■ INFORMATION PROVIDED:
+ + +
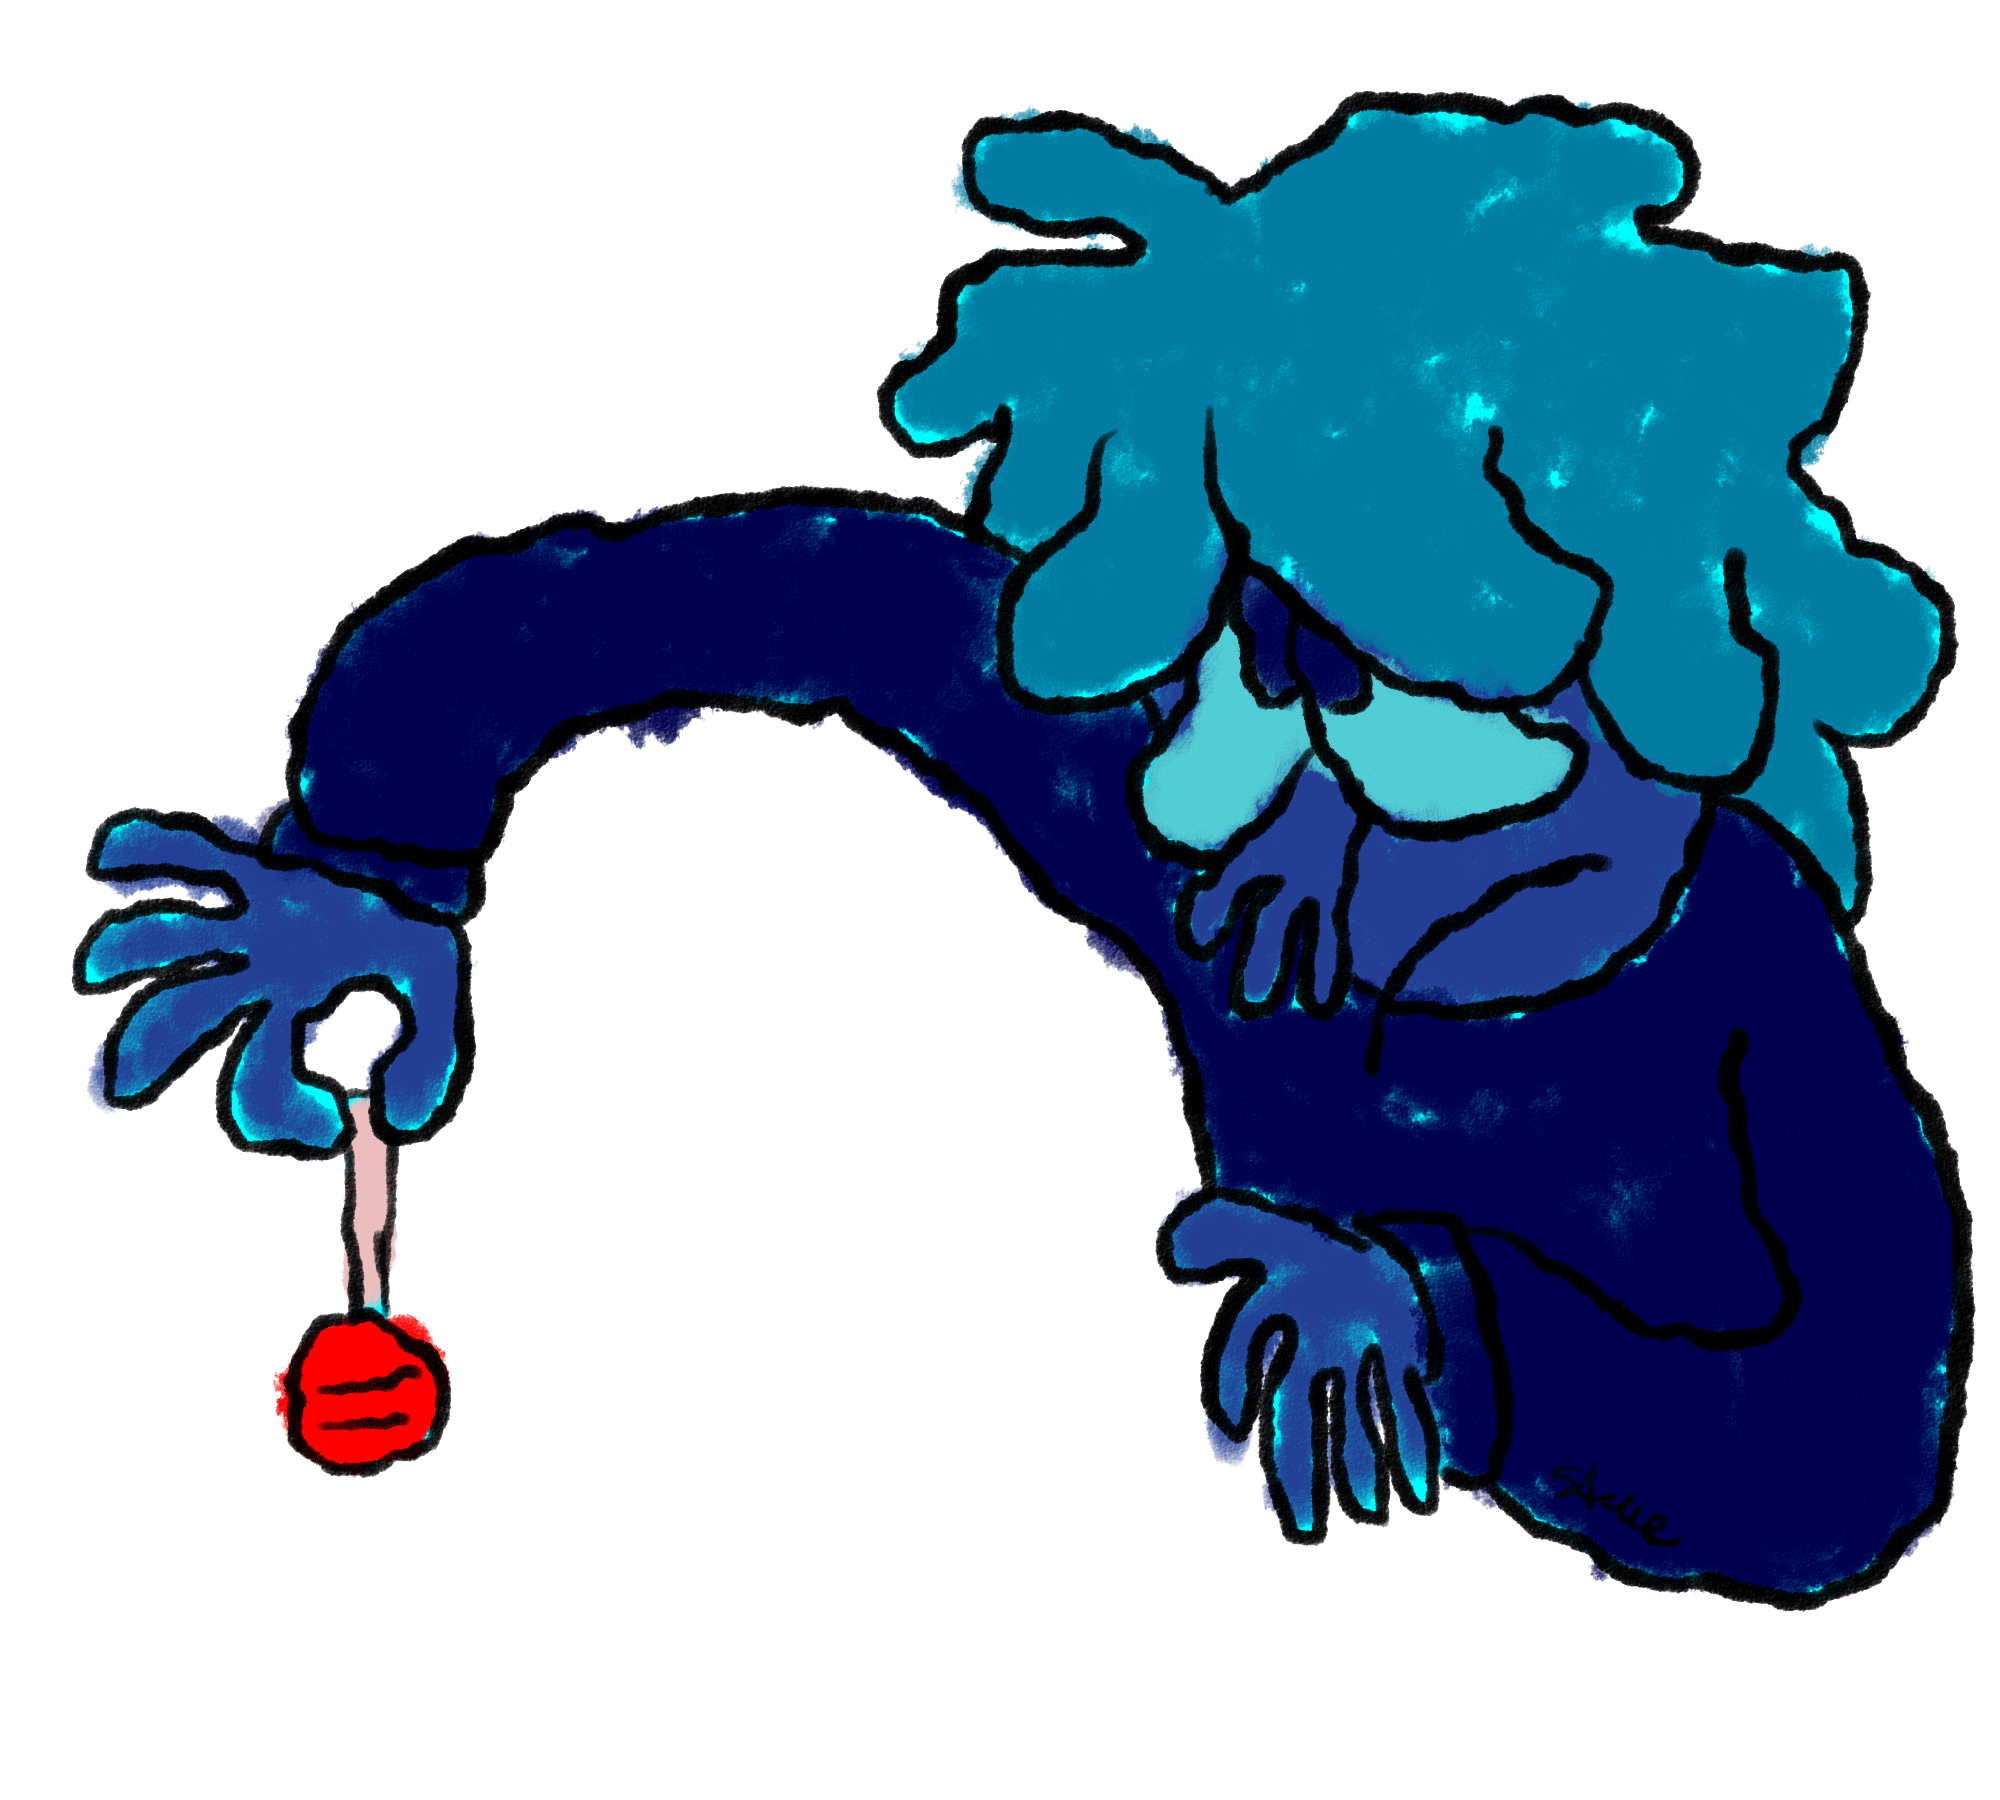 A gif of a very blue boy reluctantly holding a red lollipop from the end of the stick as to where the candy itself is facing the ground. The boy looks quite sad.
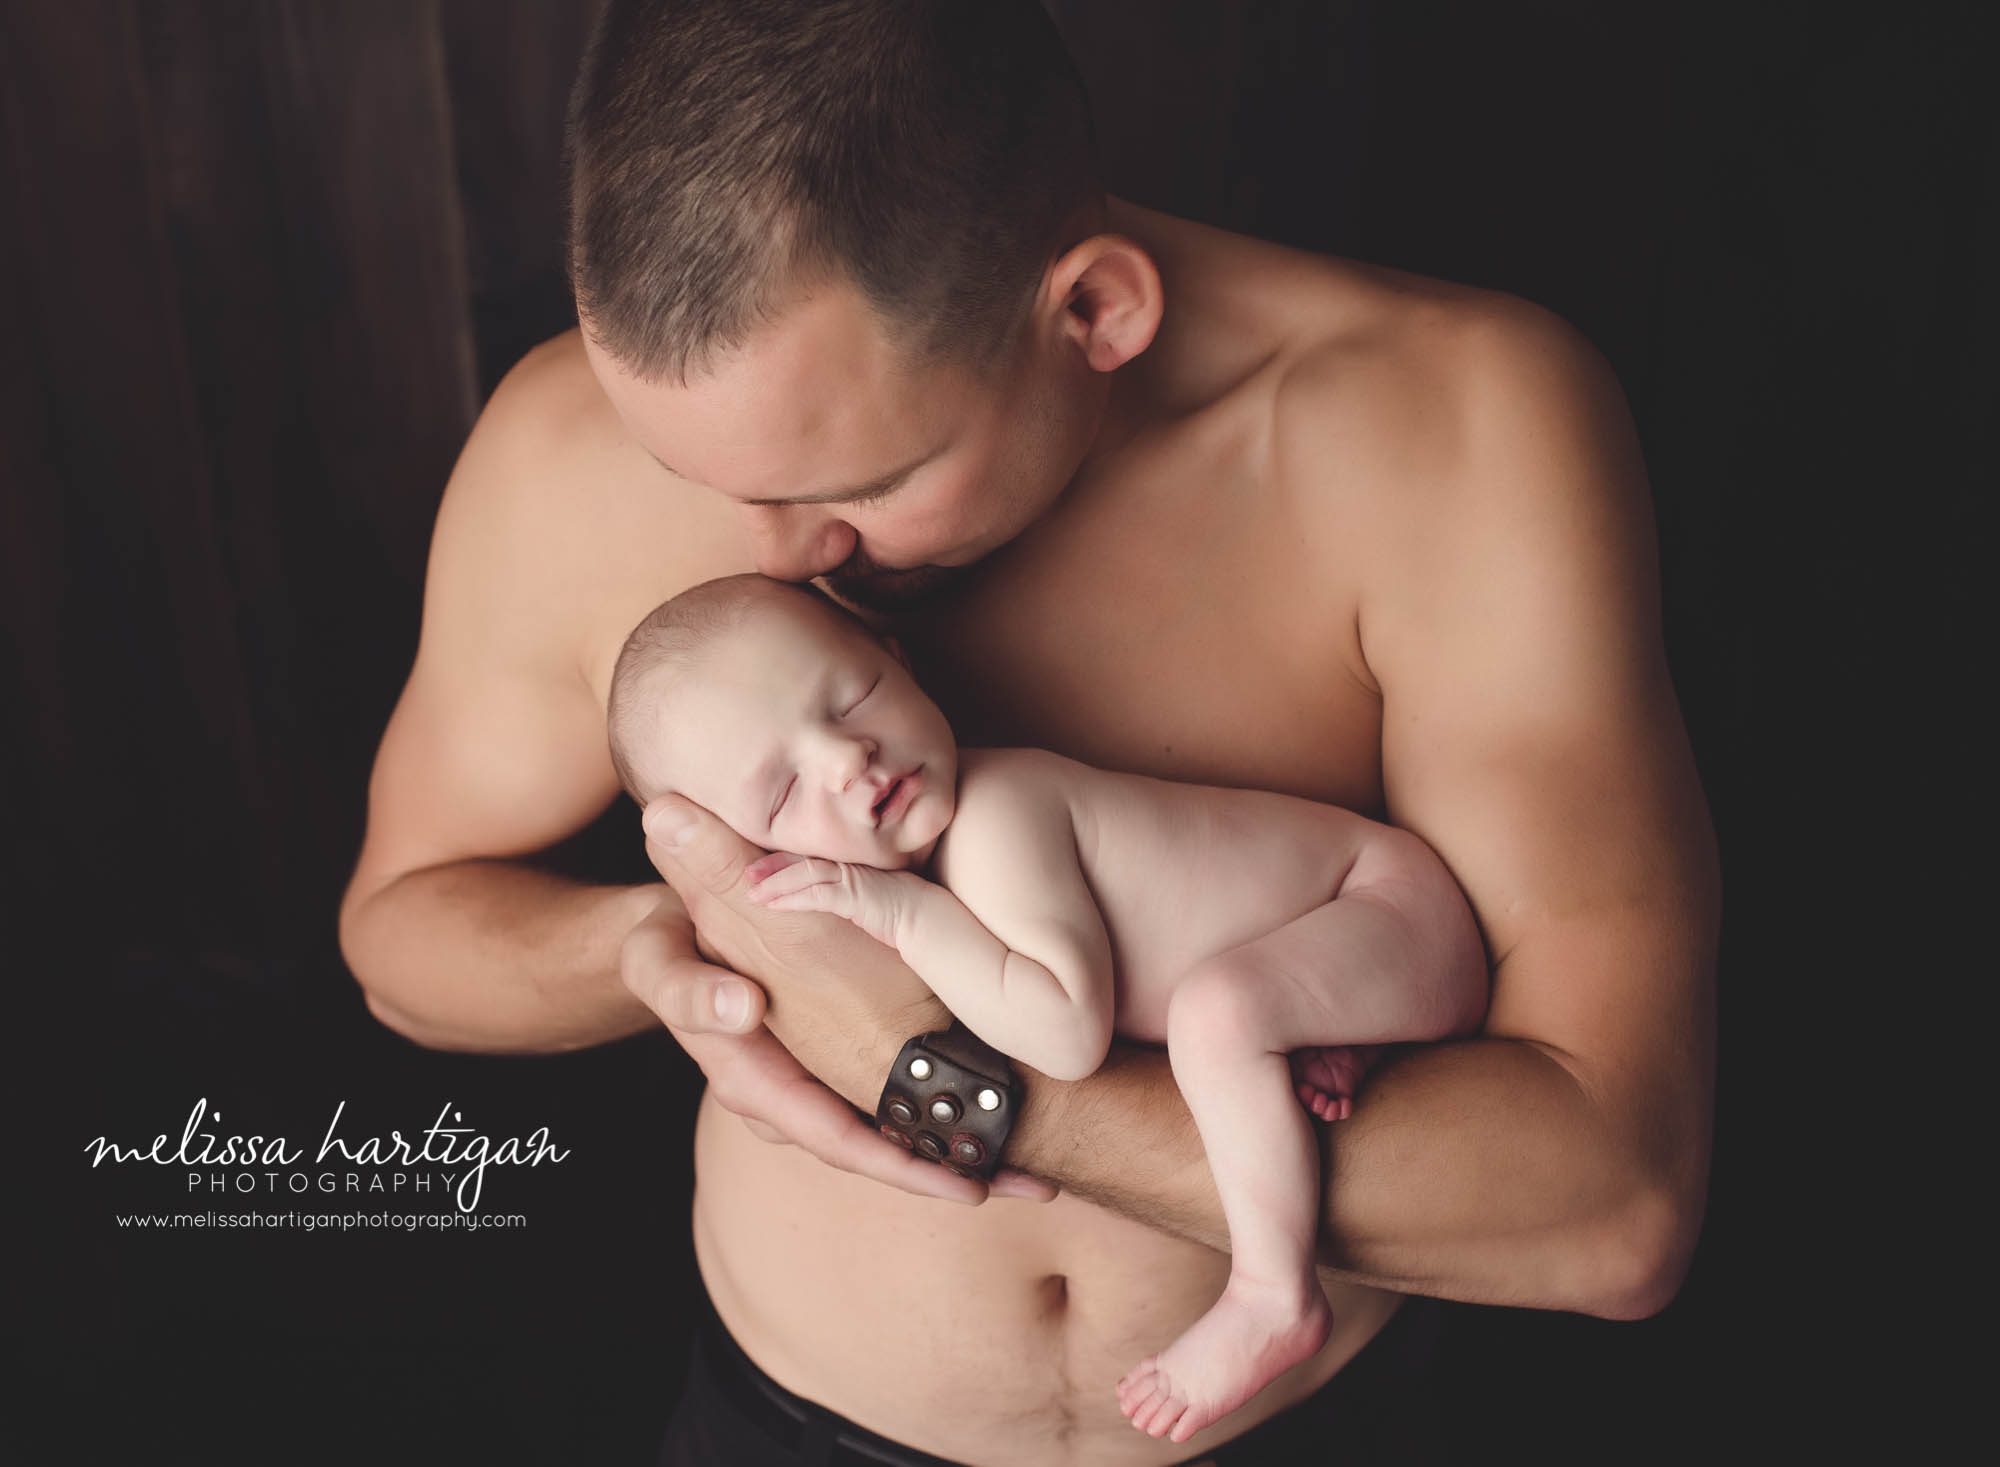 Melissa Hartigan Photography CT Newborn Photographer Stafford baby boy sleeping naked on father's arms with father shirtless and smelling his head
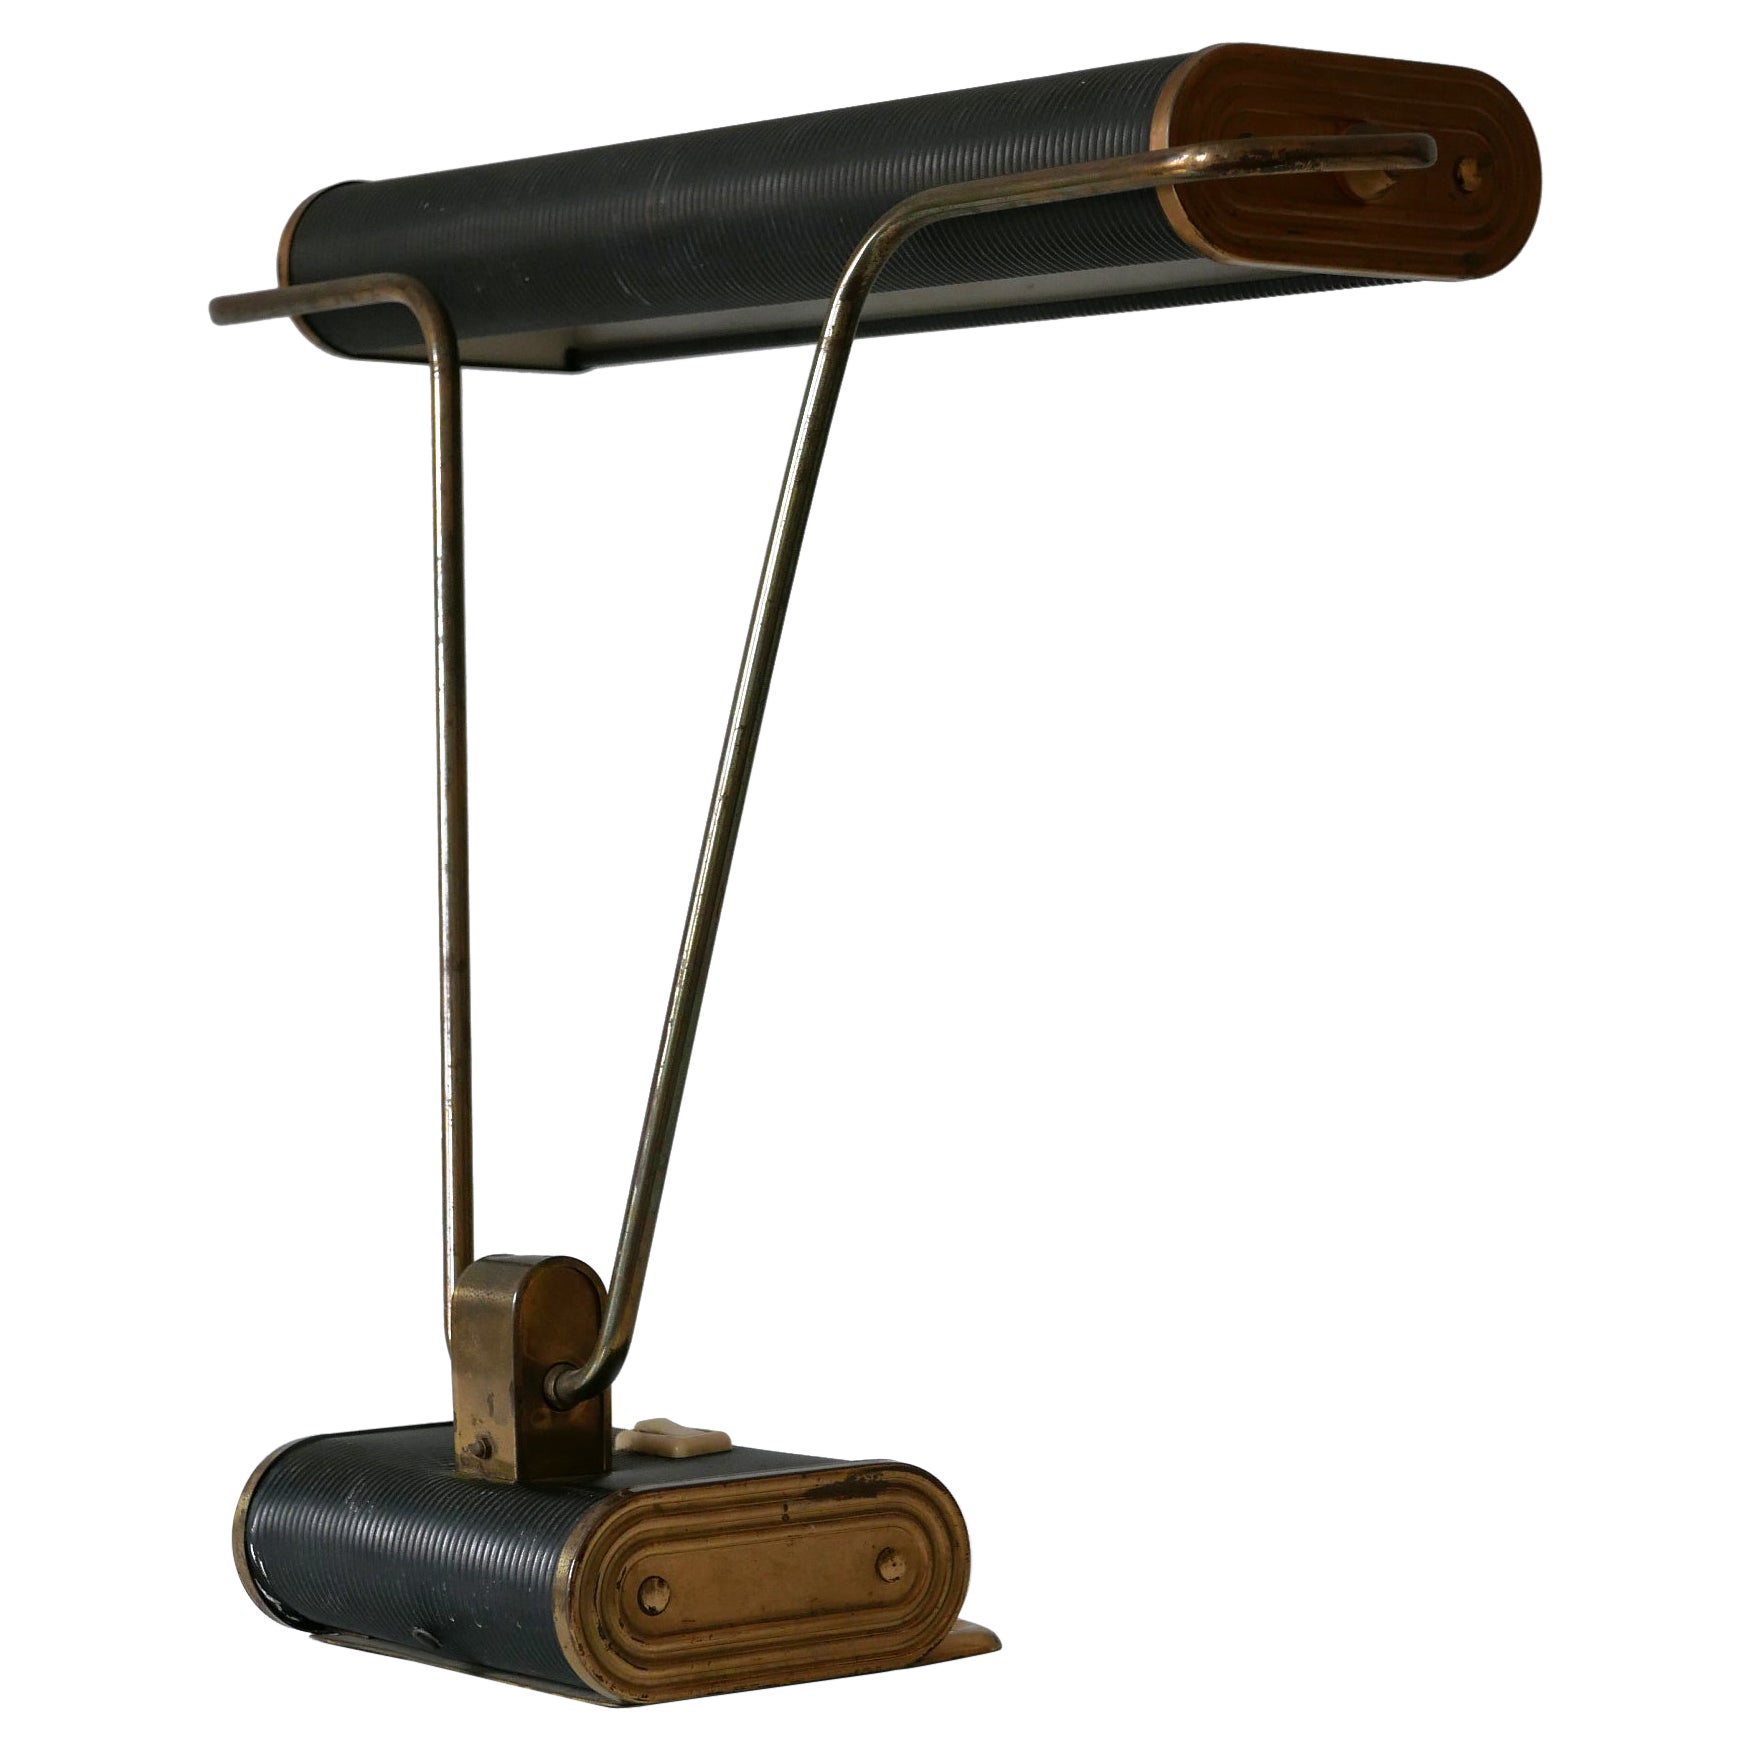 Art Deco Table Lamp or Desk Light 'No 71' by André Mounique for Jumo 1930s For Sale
+ + +
■ TASK TO CARRY OUT: Please retype the data exactly. The pictures do not go in.

■ YOUR RESPONSE:
 A gif of a very blue boy reluctantly holding a red lollipop from the end of the stick as to where the candy itself is facing the ground. The boy looks quite sad.
 Melissa Hartigan Photography CT Newborn Photographer Stafford baby boy sleeping naked on father's arms with father shirtless and smelling his head
 Art Deco Table Lamp or Desk Light 'No 71' by André Mounique for Jumo 1930s For Sale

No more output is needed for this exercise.